- What I have learnt from my research and experts is the importance of social play. Kids playing with kids. Learning how to be social beings, how to compromise, respect others, play by the rules of a game, get messy, share imaginative ideas and be creative together.
- We need to adapt our social infrastructure to the realities of risk aversive parenting and declining independence for middle years kids. Just making playgrounds prettier, more natural or more accessible will not be enough
- Play Yards are the vital neighbourhood facility to complement school, formal care and regional destination parks
Meet the Presenter
Tanya Vincent is a keynote speaker at Gowrie NSW OSHC Seminar Day – Inquiry, Inspiration and Innovation happening in April. In this interview, Tanya discusses The Play Yards in Copenhagen as innovative places that support outdoor play, social connection, community and belonging for children.
Can you share a little about who you are, where you are from and how you came to be interested in this concept of the Play Yards?
I am an architect by training and have been practising urban design for about 25 years. Currently, I work on the policy, planning and design of transport projects to make better local places. But for many years, and when I first got involved in play yards, I designed residential neighbourhoods and housing and planned precincts. I came to play yards with both professional and personal experiences.
In the early 2000’s I saw in the planning documents the volume and extent of high-density neighbourhoods coming down the line. From my own experience raising kids without a backyard, I realised how this would challenge the pre-conceived ideas of an Australian childhood and how communities’ needs would change.
I also discovered that being a ‘good parent’ in Australia meant chauffeuring and chaperoning kids in parks and playgrounds well into their early teens, way above the age a citizen should be enjoying independence in their local neighbourhood. I discovered that despite everyone’s efforts to raise active, healthy, socially engaged kids, there are so many more hours in the day and days in the year than can be covered by school and formal care. And that individual dilemma compounds at a societal scale into the statistics about childhood obesity, loneliness, and screen dependency.
So when I came across a Play Yard when visiting Copenhagen, the light bulb went on.

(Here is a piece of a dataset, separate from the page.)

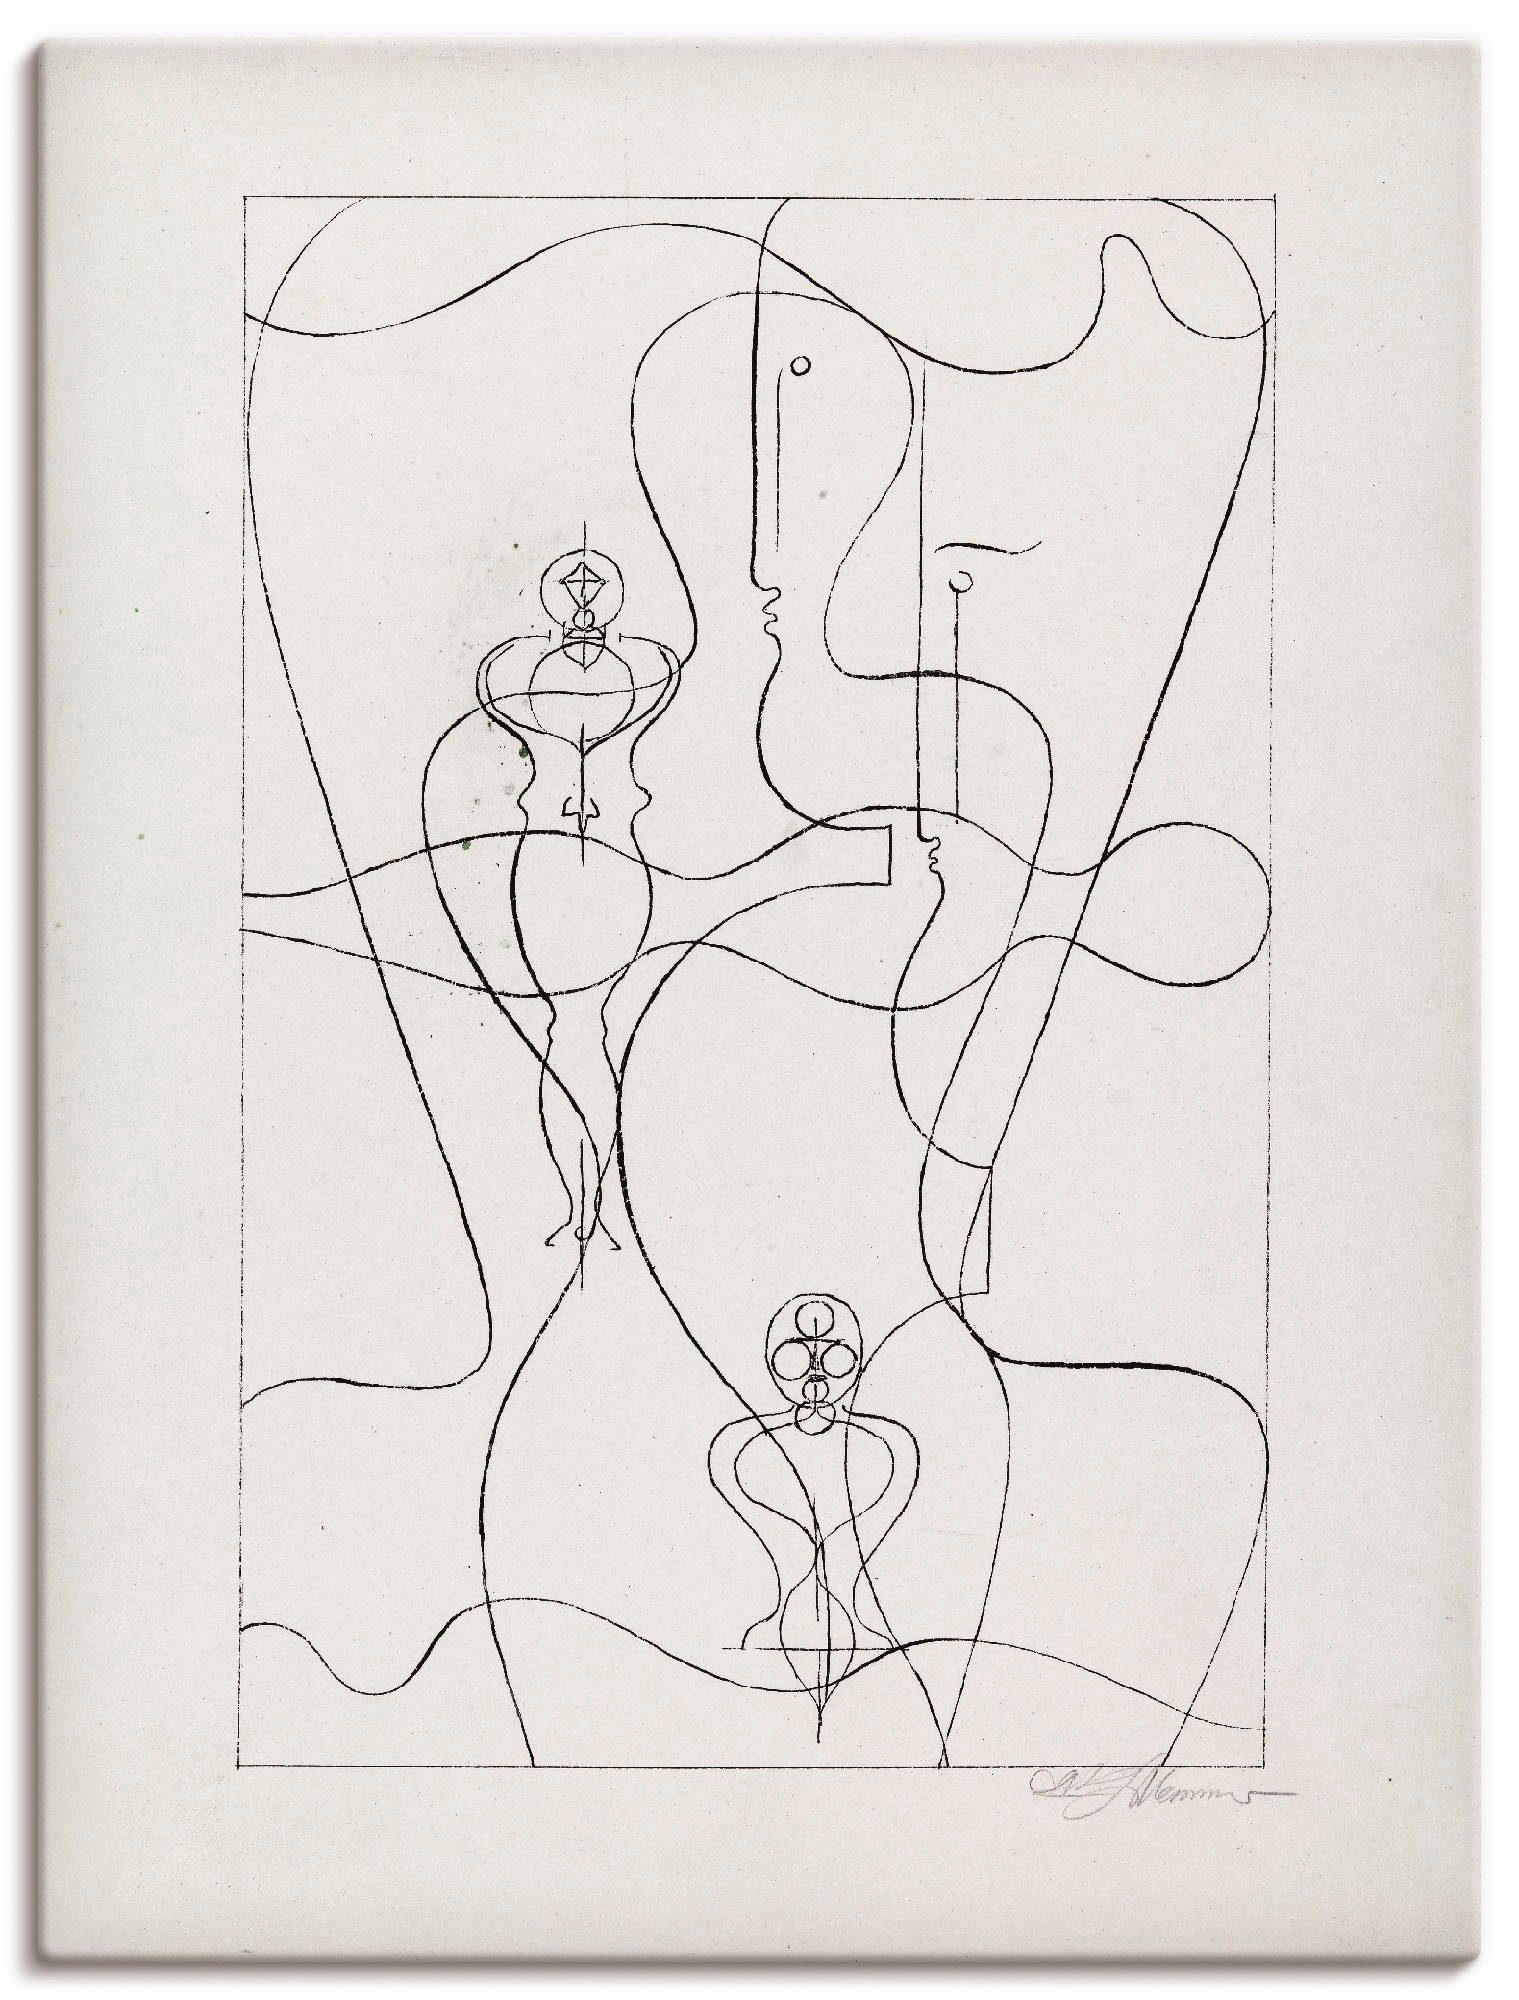 Artland Artprint Figurenplan. 1920 (1 stuk)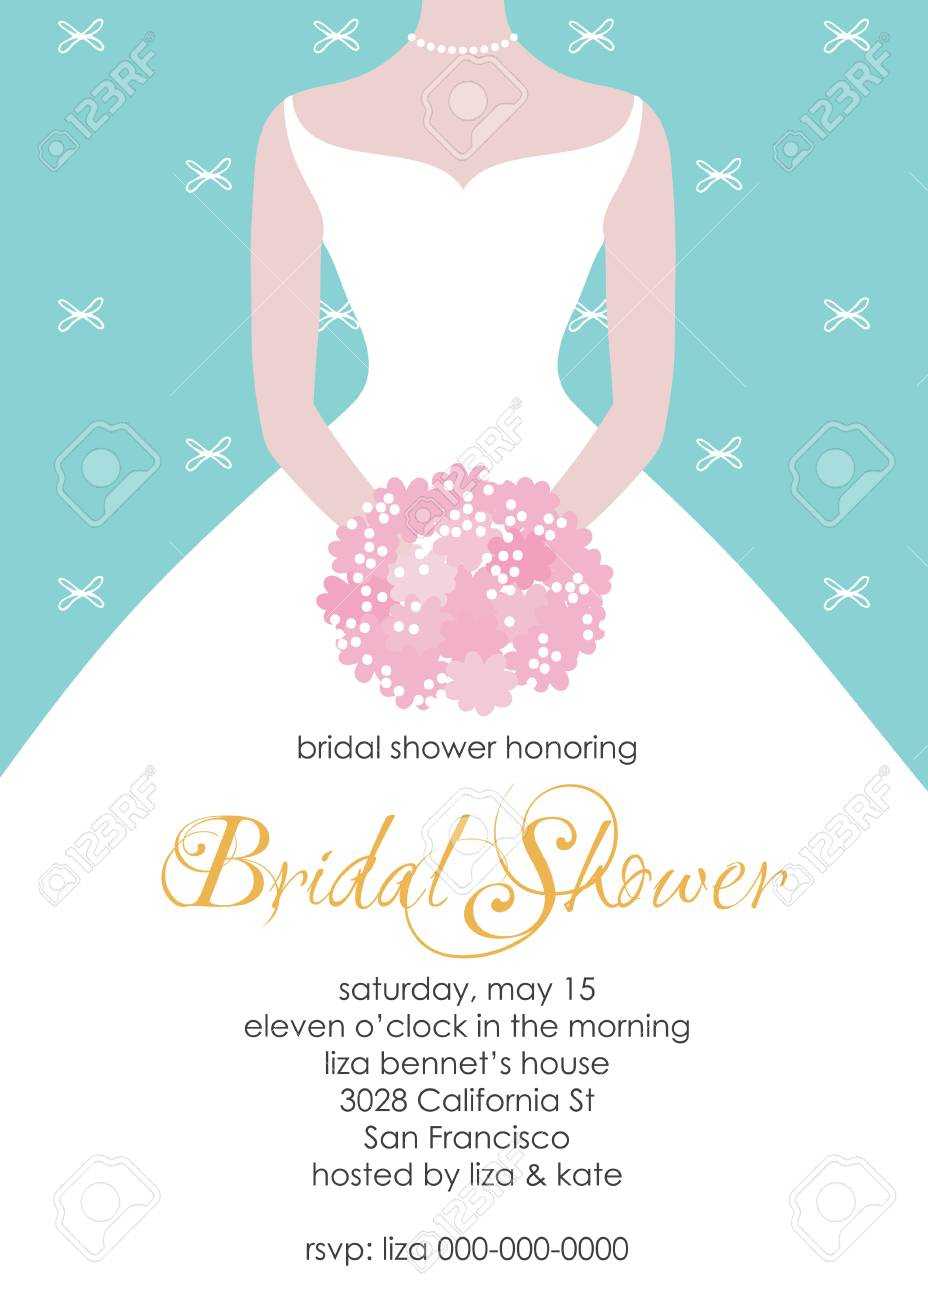 Bridal Shower Invitation Template. Wedding Fashion Vector Illustrartion Throughout Blank Bridal Shower Invitations Templates

This is the type of social infrastructure to meet the modern needs of Australian families. I received a Churchill Fellowship in 2011 to study play yards, completing a comprehensive research project of over 37 staffed facilities mainly in Copenhagen but also in London and Stockholm.
For you, when you think of the importance of play for children in the school years what comes to mind?
I want to say straight up, I am not a play expert or trained educator. But what I have learnt from my research and experts is the importance of social play. Kids playing with kids. Learning how to be social beings, how to compromise, respect others, play by the rules of a game, get messy, share imaginative ideas and be creative together. That’s why the loose parts and presence of friends in Play Yards is crucial for making a local facility appealing for daily use. It is also why too much focus on fixed equipment or fancy landscape design are often red herrings. This is the big difference between a regional, destination playground for the occasional planned visit and a Play Yard, which is more like a backyard for everyday, casual and independent use.
When you began researching the Play Yards of Copenhagen, what were some of the surprising things that you noticed?
I went into the research with my designer’s hat on, thinking the recipe was in the location, design and things. What I discovered was an enormous range of sizes, locations and layouts so that was not the answer. The core was the relationships between the play yard staff and the parents and kids. Their pedagogy was about finding ways to support families and kids in whatever way was right for that neighbourhood or individual with mutual respect. It was not about pathologizing people as cases or policing users, but welcoming everyone as they went through that life stage of parenthood and childhood. The playground, events and bikes were just the drawcards that attracted local families to socialise and support each other.
What do you see as the benefits of this approach that could be translated into an Australian context?
Australian cities, towns and suburbs are getting denser. Even new detached houses these days often have very little useable open space. Whether by choice or circumstance, many families are raising kids without a large private backyard. But the key planning assumption behind public space for children has not changed since the 1960s– free-roaming kids playgrounds for occasional visits escorted and supervised by unwaged housewives because every day, outdoor activities occur in the backyard.
We need to adapt our social infrastructure to the realities of risk aversive parenting and declining independence for middle years kids. Just making playgrounds prettier, more natural or more accessible will not be enough.
Australia has adopted or invented other forms of social infrastructure to meet changing community needs, such as community gardens, dog parks and men’s sheds. Not it is time to focus on the needs of families and kids living in modern Australia. Play Yards are a vital neighbourhood facility to complement school, formal care and regional destination parks
For the Seminar in April, what are you looking forward to sharing with the group?
The photos and video help show what Play Yards look and feel like and how important the staff are to making the facilities successful and popular. Also hearing from the group what aspects of Play Yards they think will resonate with Australian families and any tips on making them work here.